Жить и в борьбу не втянуться?
— Женька! А ведь здорово? Ты мне завтра напомни, я себе в тетрадь запишу. Чье это? Александровского? А он где? В Москве? Знаешь, мне ужасно понравилось на «четверге»! Вот уж никак не думал, что Сейфуллина здесь живет!
— На улице Халтурина. Лавренев — на набережной Рошаля.
— А Крайский?
— У Крайского я сколько раз бывал. Он на проспекте Маклина. Он ведь все с молодежью возится.
— А сегодня в «Содружестве»? Там и курсанты были, и матрос один был, студента знакомого я видел…
Марков остановился на Литейном мосту.
— Женя! А ведь хорошо жить! Как ты думаешь… Сейчас у нас двадцатый век. А в двадцать первом коммунизм устроят?

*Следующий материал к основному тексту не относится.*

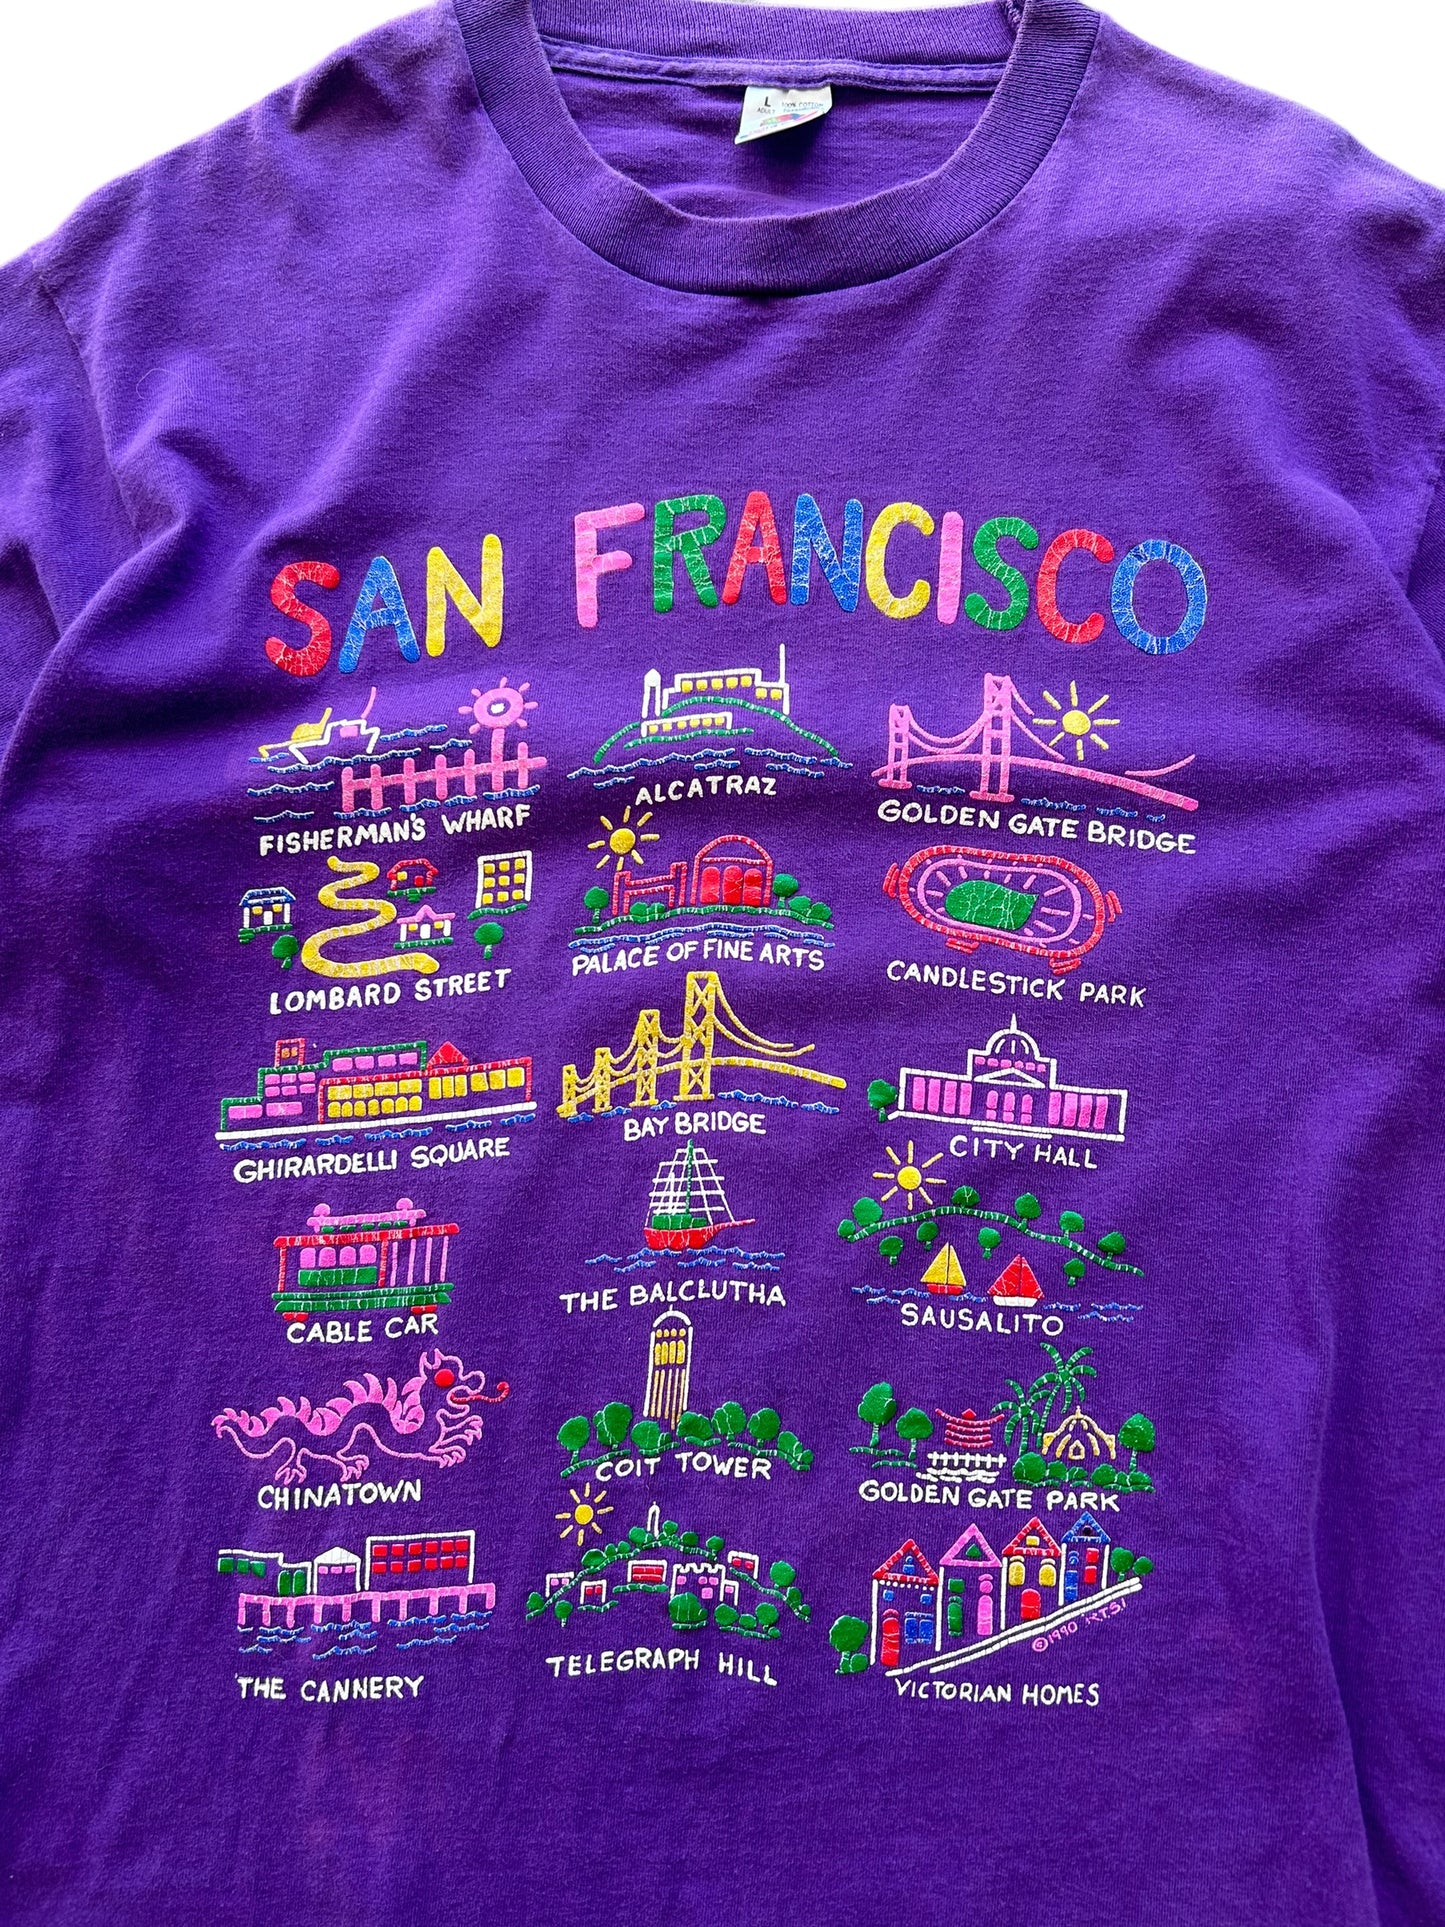 1990 San Francisco Tee

— Чудик! Тоже мне — в двадцать первом! Да он буквально в преддверии! Вот-вот мировая революция грянет. Ты что думаешь — в других странах рабочие дураки? Смотреть будут?
— Я в газете читал — буржуазия у них опять шевелится, опять войну готовит.
— Ну и готовит! Ну и пожалуйста! Одну войну устроят — четверть мира осознает. Вторую войну устроят — все люди осознают. На том песенка капиталистов и будет спета.